Scan-to-BIM for As-built Roads: Automatic Road Digital Twinning from Semantically Labeled Point Cloud Data
This addresses the problem of low automation and accuracy in road digital twinning for infrastructure management, though it appears incremental as it builds on existing scan-to-BIM methods with specific asset types.
The paper tackles the challenge of automating geometric digital twin creation for as-built roads by proposing a scan-to-BIM framework that processes semantically labeled point cloud data, achieving an average distance error of 1.46 cm and a processing speed of 6.29 m/s on real-world data.
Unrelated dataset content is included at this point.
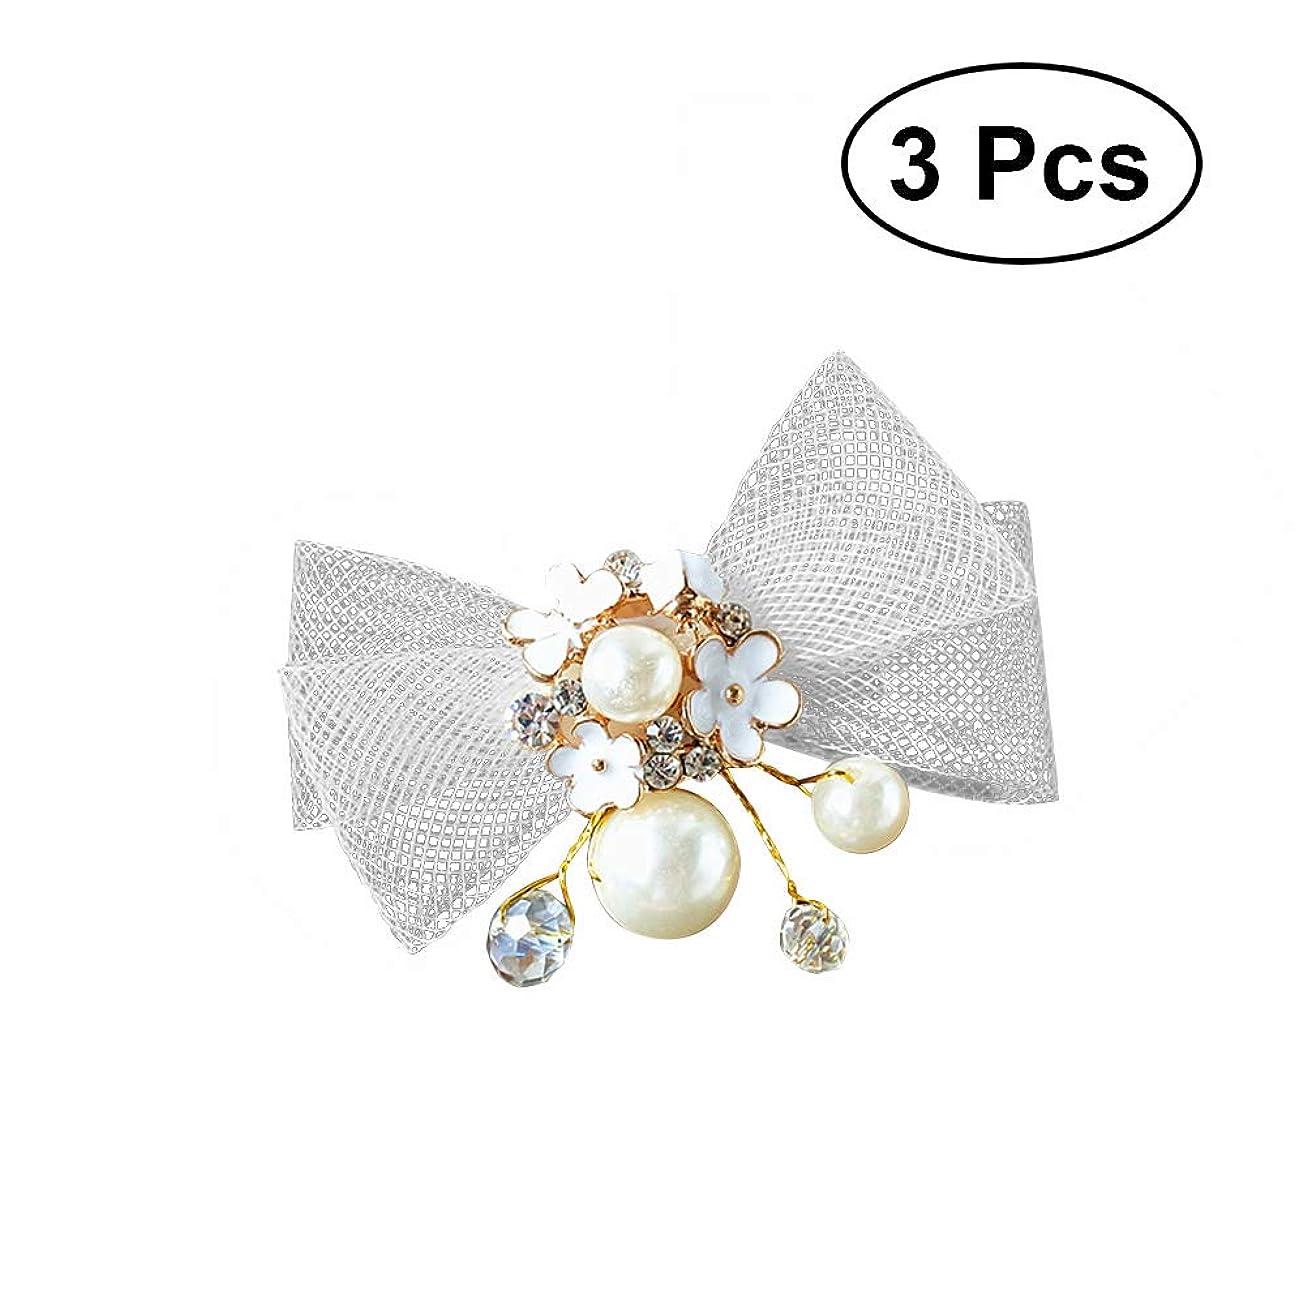 繰り返した抑圧するサリーLurrose 3ピースファッション手作り花嫁蝶ヘアピンクリスタルブライダルヘッドドレスパールヘアピンヘアクリップウェディングドレスアクセサリー

Creating geometric digital twins (gDT) for as-built roads still faces many challenges, such as low automation level and accuracy, limited asset types and shapes, and reliance on engineering experience. A novel scan-to-building information modeling (scan-to-BIM) framework is proposed for automatic road gDT creation based on semantically labeled point cloud data (PCD), which considers six asset types: Road Surface, Road Side (Slope), Road Lane (Marking), Road Sign, Road Light, and Guardrail. The framework first segments the semantic PCD into spatially independent instances or parts, then extracts the sectional polygon contours as their representative geometric information, stored in JavaScript Object Notation (JSON) files using a new data structure. Primitive gDTs are finally created from JSON files using corresponding conversion algorithms. The proposed method achieves an average distance error of 1.46 centimeters and a processing speed of 6.29 meters per second on six real-world road segments with a total length of 1,200 meters.